This chapter discusses the different modes of museum circuit of the three museums, and draws out the implications of the findings and the possible agendas for future research in three main areas: firstly, the effects of regulation by the state and economic agents at national, local and international levels, and in the context of cultural economics; secondly, the constitution of museum intermediaries and the capacity of their museological approaches and agency to transform the museum or/and society, together with the museum's logic of cultural production, and cultural labour issues; thirdly, the main actors in the museum publics, the nature of their agency and its implications for cultural consumption.

Keywords: museum circuit, museum research, politics of signification, museum agency

The three detailed case studies in this book reflected a dynamic museum world in which multiple organizational and managerial approaches and different strategies of production coexist and respond differently to the state/government's regulations and their broader social and economic conditions.
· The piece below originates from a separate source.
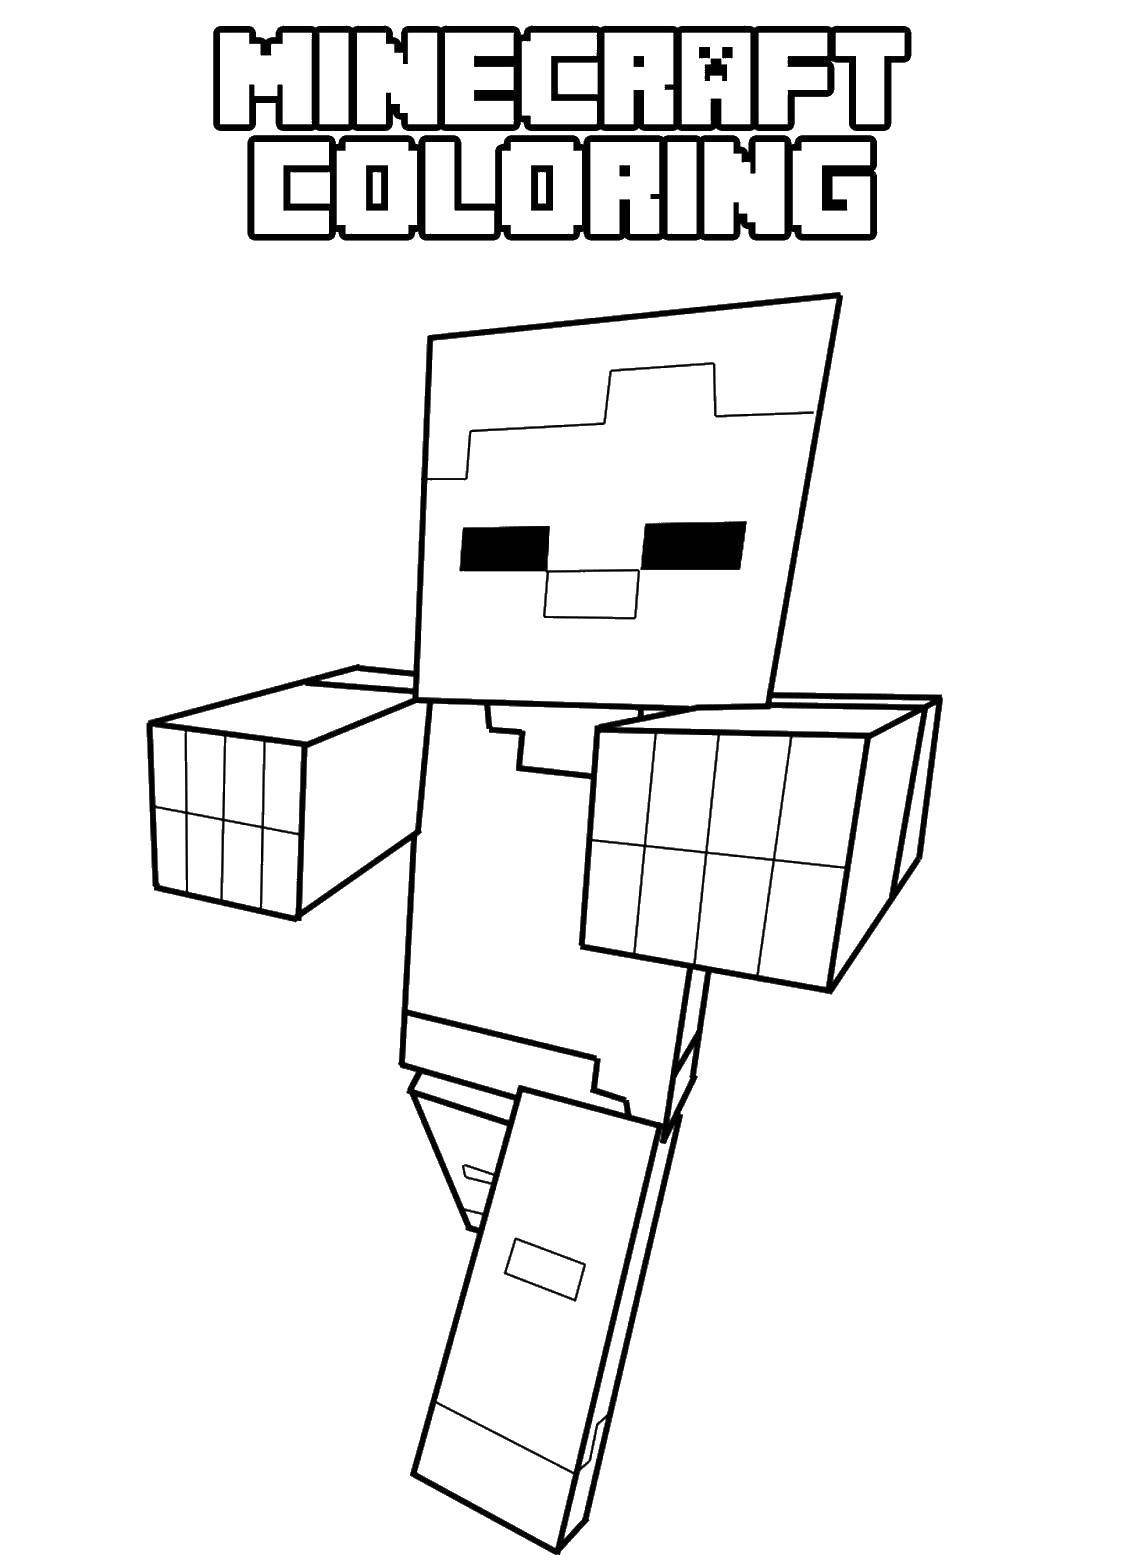 Coloring Minecraft man. Category minecraft. Tags:  minecraft, people.

They represented the three different institutional frameworks of regulation, production, and consumption operating in each museum, and demonstrated the complex forces affecting cultural representation, including nationalism, globalization, local and regional mapping, and colonial legacies. They also showed how different segments of visitors, characterized by particular sociocultural orientations and positioning, could be observed. The main findings of the three case studies are summarized in the following paragraphs.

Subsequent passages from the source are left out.